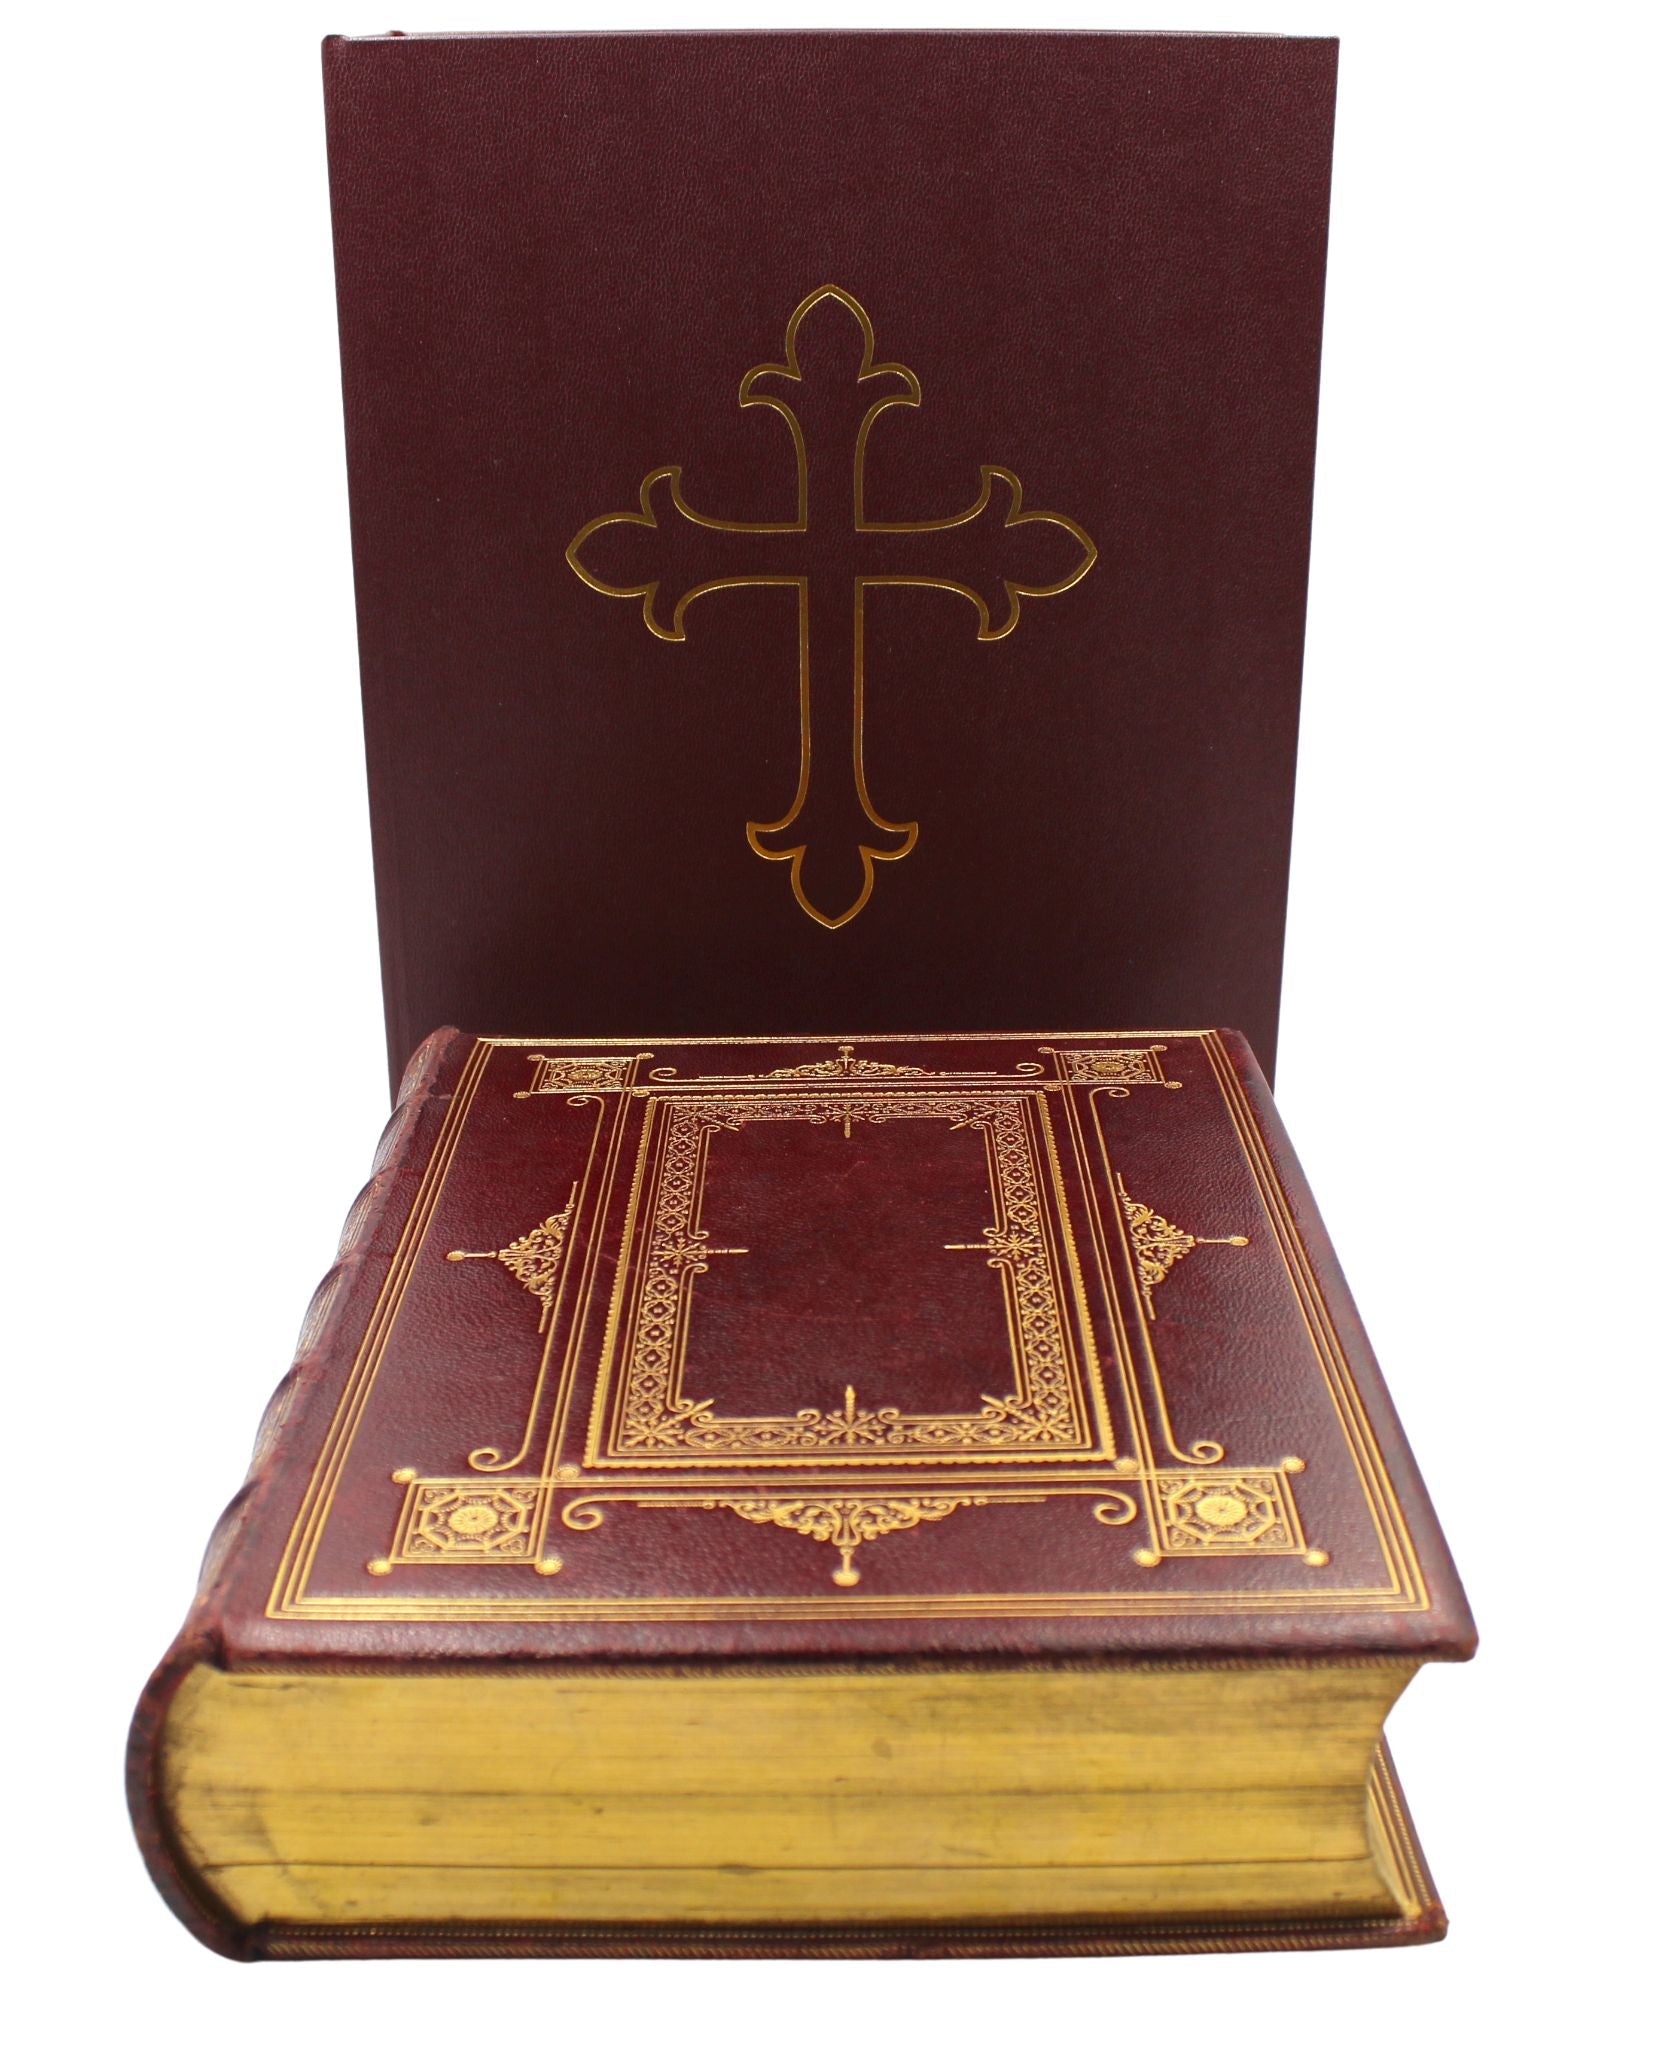 The Holy Bible, Containing the Old and New Testaments, Appointed to be Read in Churches, 1887 - The Great Republic
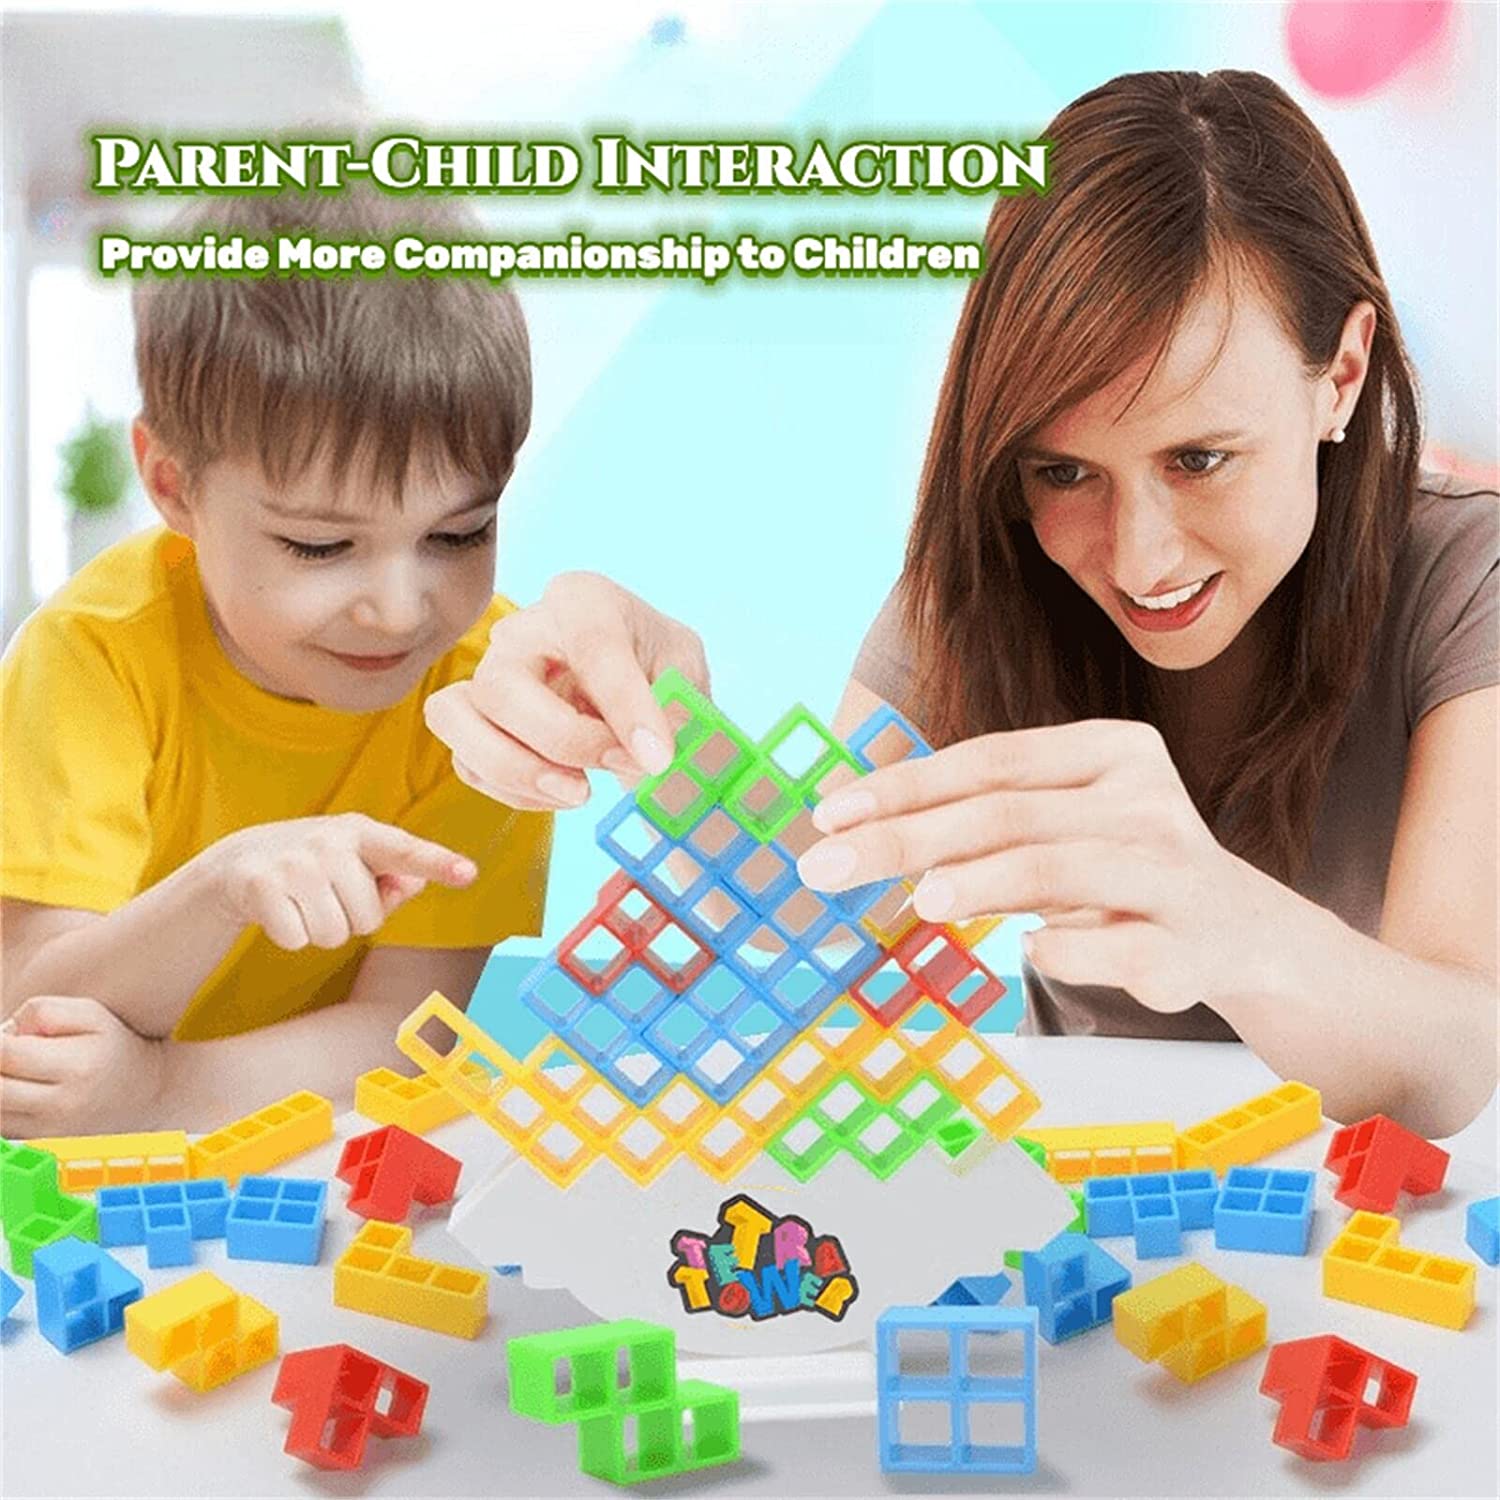 Tetra Tower Stacking Toys, Balance Game,Preschool Exercise Building Blocks, Board Games for Kids & Adults,Perfect for Family Games, Parties, Travel, (16PCS)
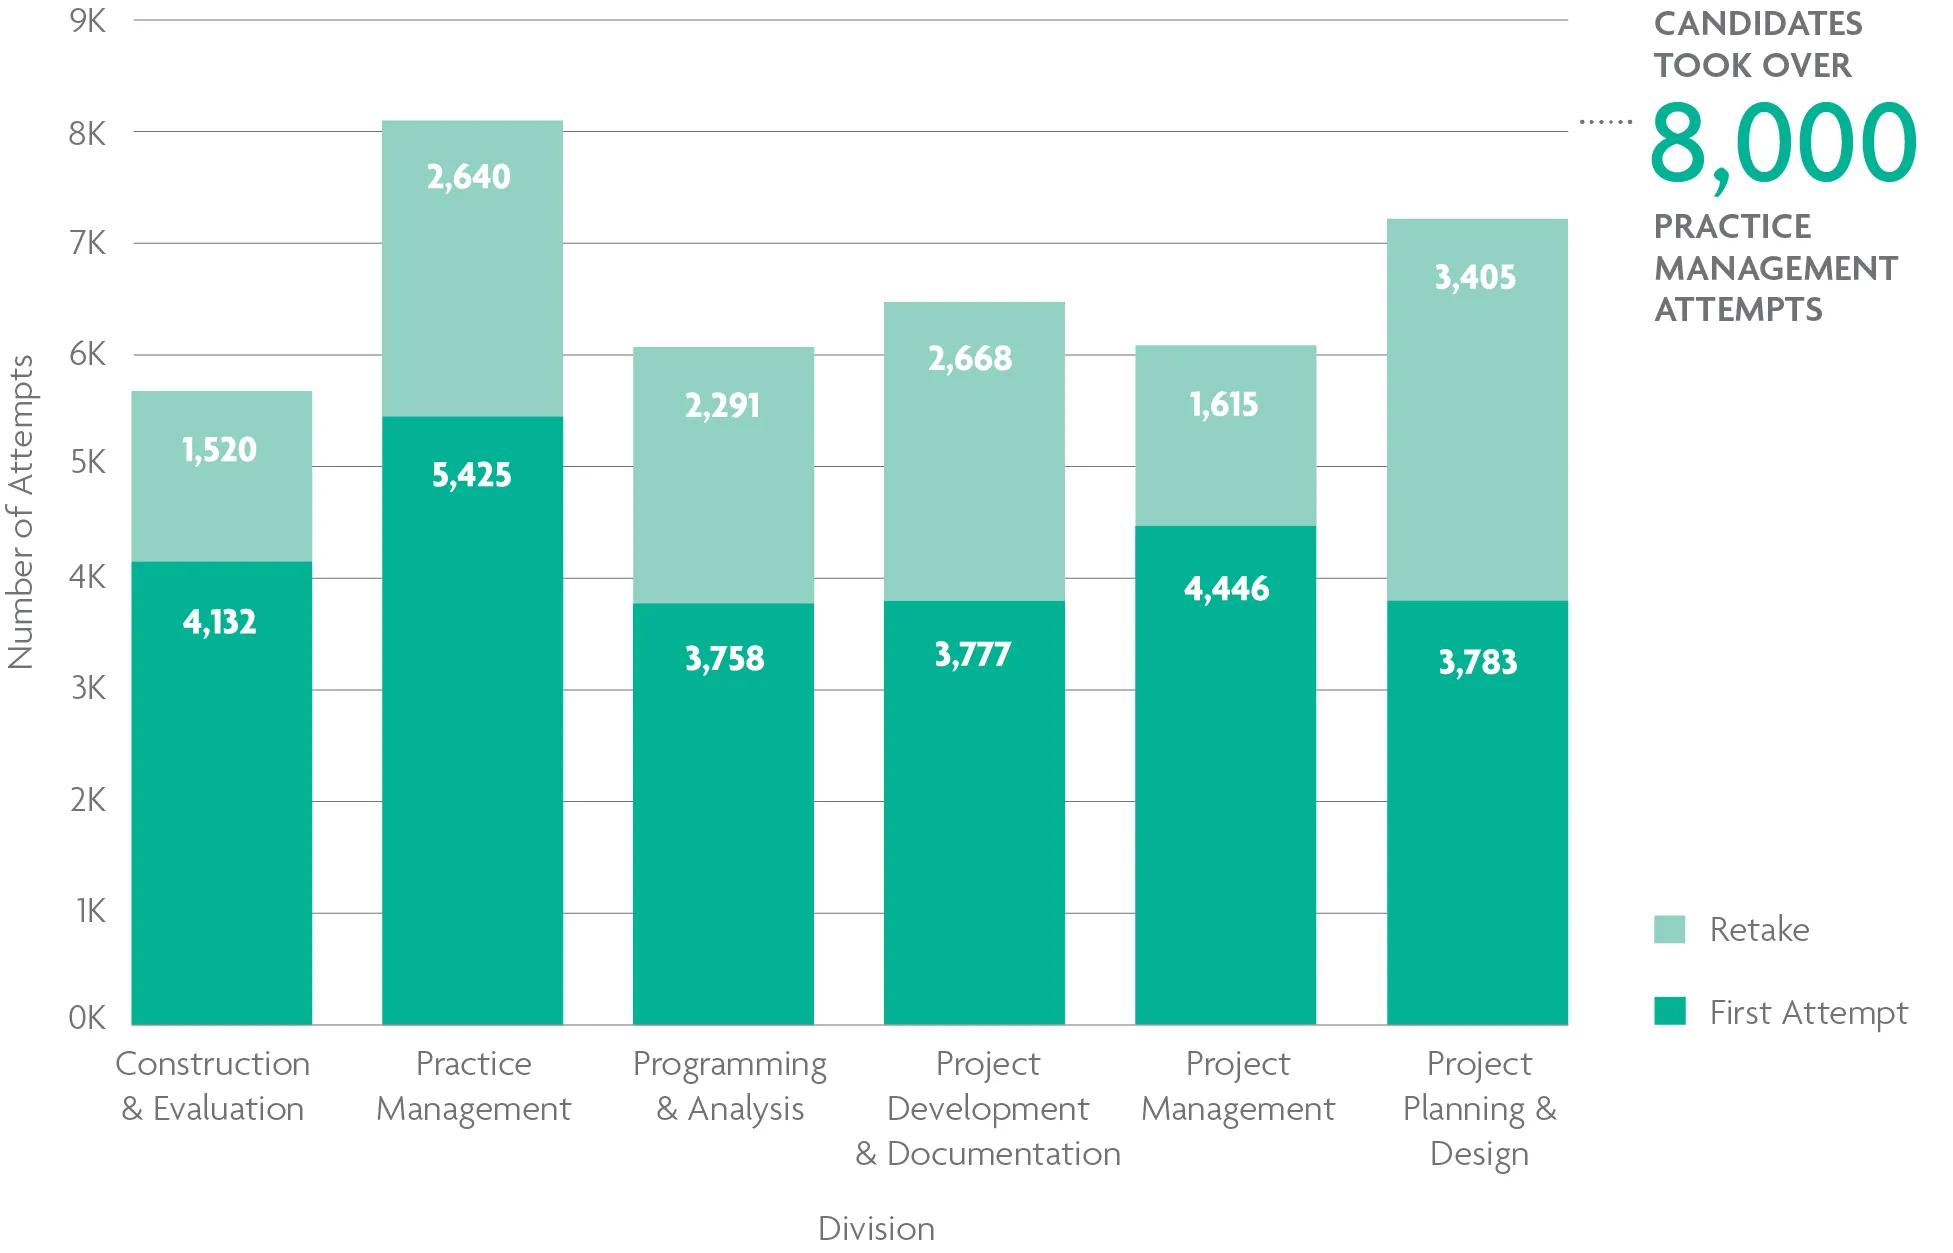 A stacked bar chart shows that candidates tested the most on Practice Management, with over 8,000 division attempts. For help with data accessibility, contact communications@ncarb.org.

Prompt: The response is to contain exactly the lines from the beginning of the data through the line containing "Tetra Tower Stacking", both ends included, and nothing else; omit the pictures.

Exercise output:
 The Holy Bible, Containing the Old and New Testaments, Appointed to be Read in Churches, 1887 - The Great Republic
 Tetra Tower Stacking Toys, Balance Game,Preschool Exercise Building Blocks, Board Games for Kids & Adults,Perfect for Family Games, Parties, Travel, (16PCS)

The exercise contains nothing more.